-------- DATASET SECTION --------

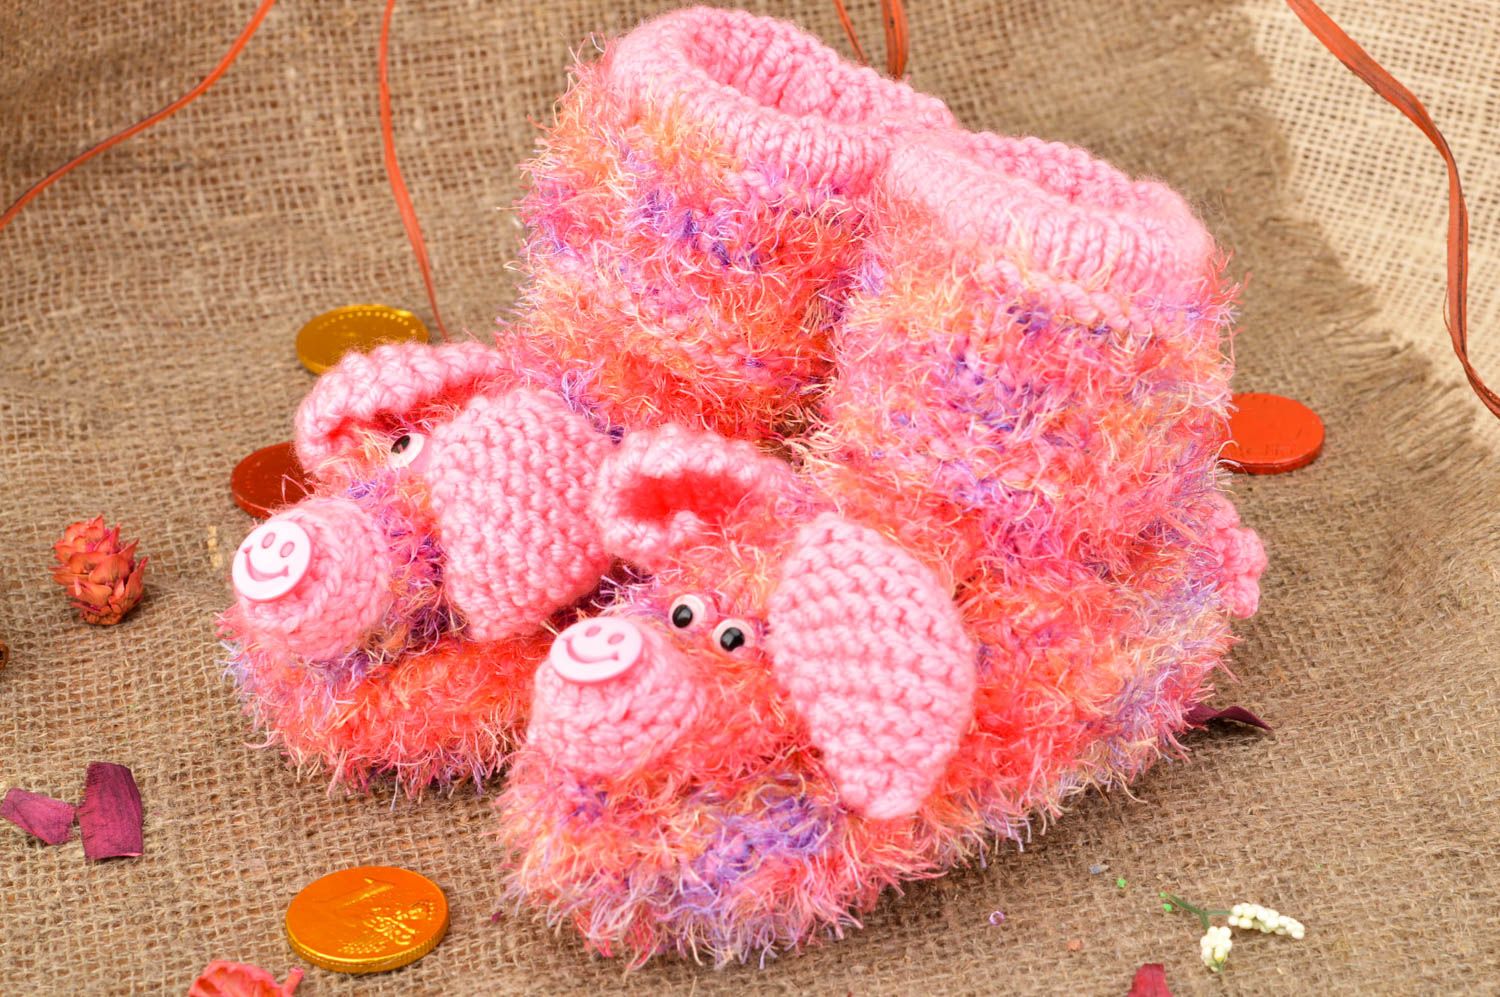 Beautiful handmade crochet slippers warm baby slippers house shoes gift ideas photo 1
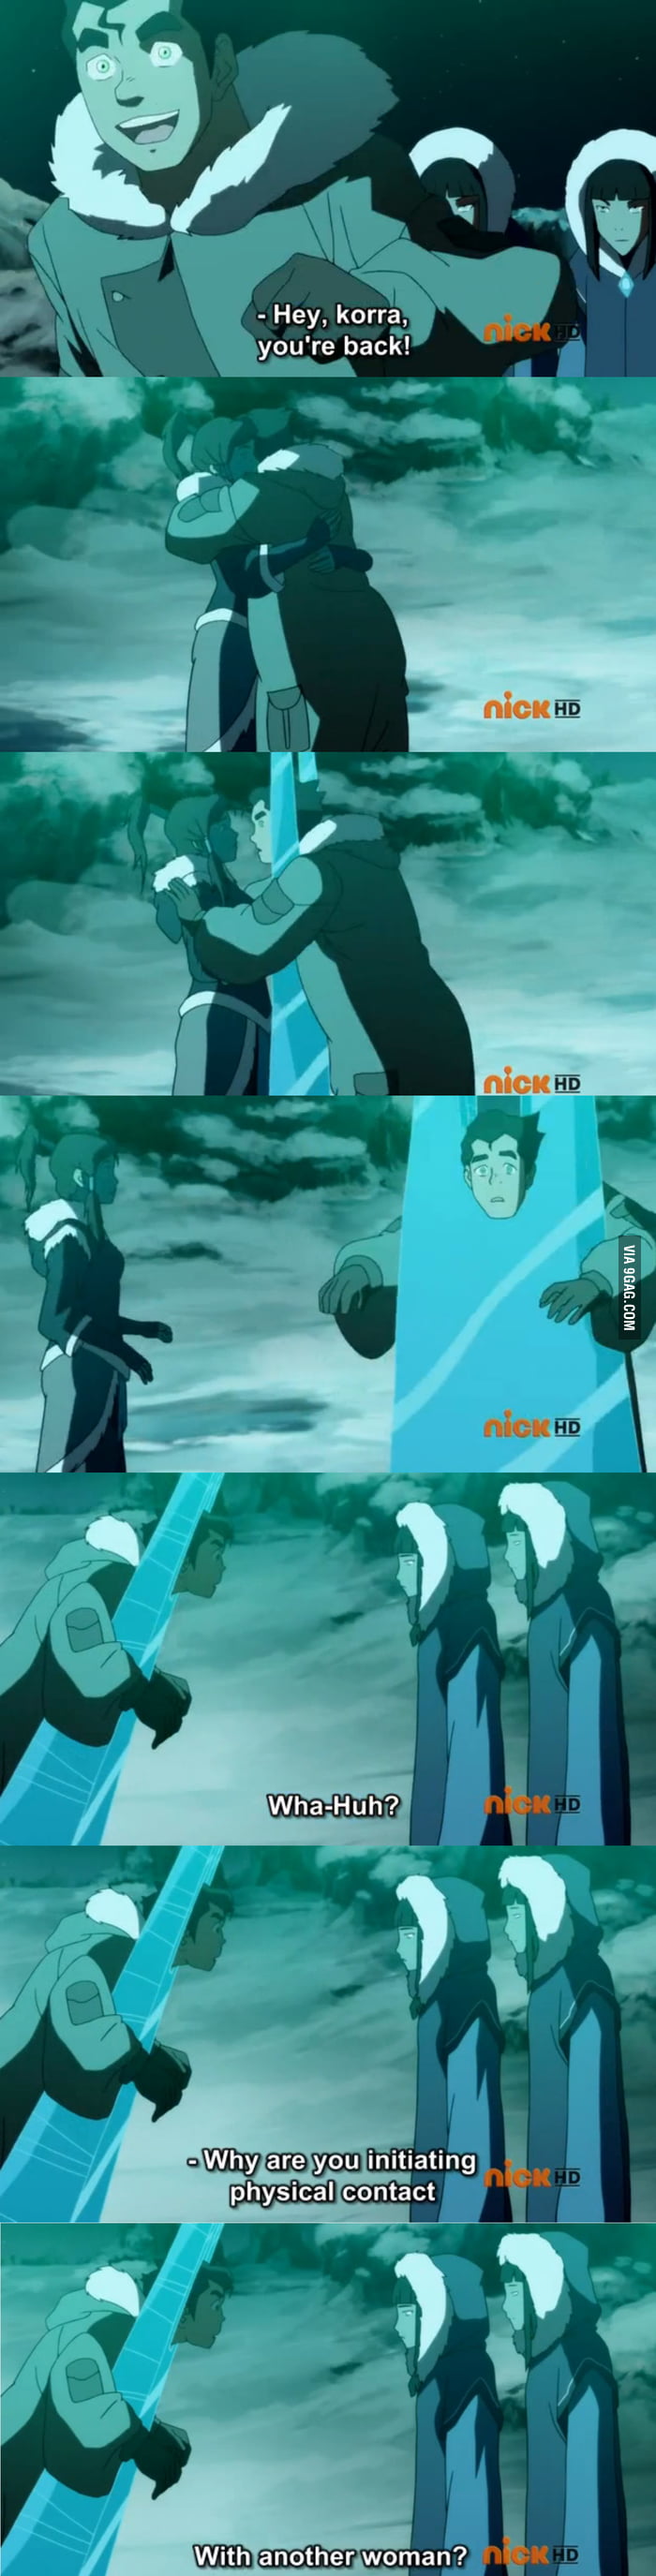 Overly attached girlfriend of Bolin from Legend of Korra - 9GAG
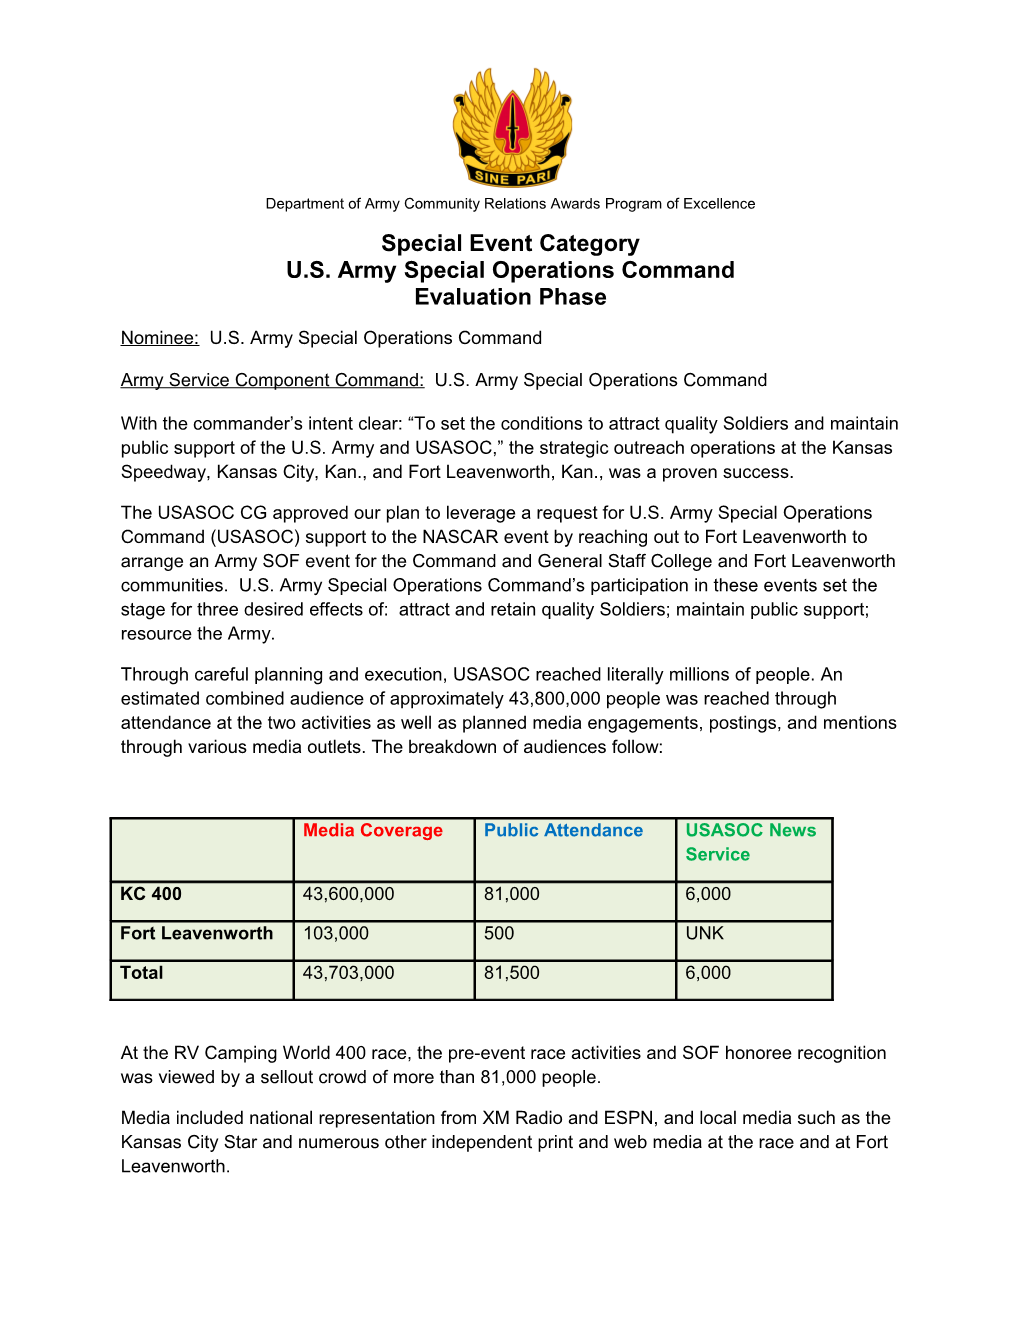 USASOC Kansas Speedway and Fort Leavenworth Outreach Project, Department of Army Community

--------

■ **WHAT THE TASK ASKS**
Starting with the line that holds "Overly attached girlfriend", repeat exactly every line through the end of the material above, both ends included, without the pictures.

■ **COMPLETED TASK**
 Overly attached girlfriend of Bolin from Legend of Korra - 9GAG
 USASOC Kansas Speedway and Fort Leavenworth Outreach Project, Department of Army Community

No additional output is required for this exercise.